Adipose lipolysis not regulated by estradiol
pp. 76–86
The steroid hormone estradiol's (E2) role in adipose lipolysis modulation is still unclear, however it is well known that E2 can influence physical activity, food intake and energy expenditure. Additionally, there is evidence of estradiol loss leading to shifts in subcutaneous to visceral fat storage. This research paper by Macdonald et al. explored the role of E2 with regards to adipose tissue lipolysis regulation through testing in both subcutaneous and visceral adipose depots in vivo through ovariectomized rats and ex vivo via direct acute E2 exposure. Estradiol did not seem to directly regulate adipose tissue lipolysis based on these tests.
Adipose morphology during collagen-induced arthritis
pp. 87–101
Patients with rheumatoid arthritis are often afflicted with a change in fat/lean mass ratio, which can reduce the effectiveness of anti-rheumatic drugs as well as anti-TNF therapy. This research paper by Sime, Choy and Williams presents a new model using collagen-induced arthritis (CIA) in DBA/1 mice in order to investigate the altered adipose function in hosts with inflammatory associated disease. Their novel approach describes morphological and molecular changes in perivascular adipose tissue (PVAT), white adipose tissue and brown adipose tissue in DBA/1 arthritis mice and identifies early stage biomarkers which may help detect or treat vascular dysfunction during arthritis ().
Adipocyte flow cytometry
pp. 112–123
Often used to identify pre-adipocytes, flow cytometry is able to analyze cellular heterogeneity in mixed populations. Authors Boumelhem et al. present a new flow cytometric protocol which improves live adipocyte analysis at the single cell level. This protocol requires no fixation or permeabilization, can quantify live adipocyte phenotype and frequency, and can characterize live adipocytes according to numerous factors such as lipid content, nuclear content, mitochondrial membrane depolarization and adipocyte surface protein phenotype ()

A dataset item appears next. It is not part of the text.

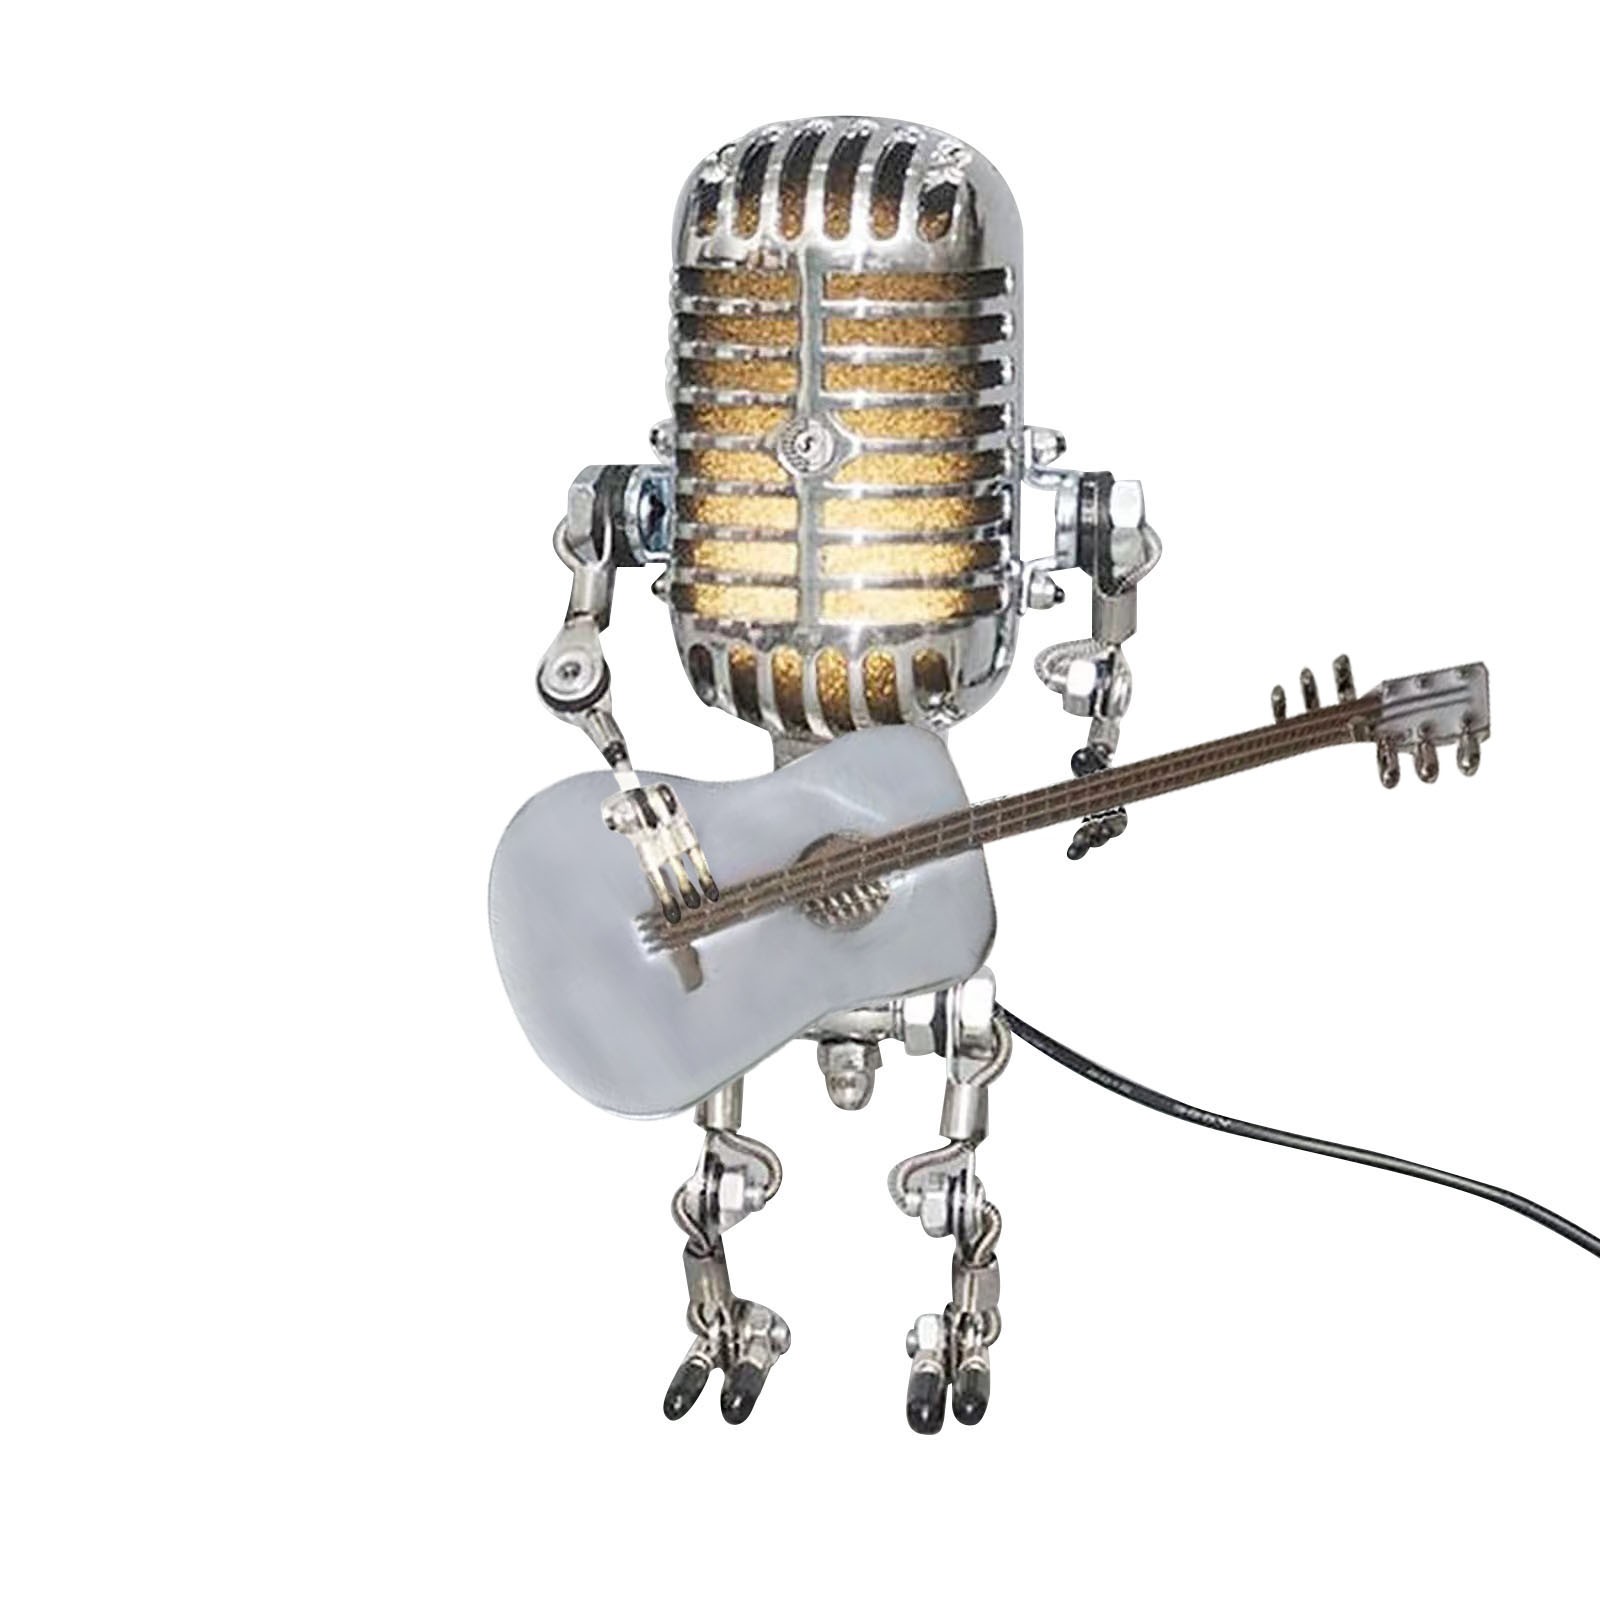 SDJMa Desk Lamp,Handmade Vintage Microphone Guitar Robot Table Lamp LED Bulbs Wall Lamp Home Desktop Decoration - Height 8.5 inch,Width 4 inch and Depth 3 inch - image 1 of 8

Obesity-dependent DNA methylation in adipocytes
pp. 124–133
DNA methylation can be effected by obesity as well as insulin resistance, and an individual may be predisposed to obesity and diabetes due to excess of nutrients during fetal development. This study by Sonne et al. sought to identify genes which had changes associated with obesity in DNA methylation as well as gene expression in adipose tissue. Changes were identified using a genetic and diet-induced model, enabling the authors to differentiate between alterations due to high fat feeding from those associated with genetic obesity. Overall, nine genes were identified, including Irf8 which may be related to immune type 1/type 2 balance ()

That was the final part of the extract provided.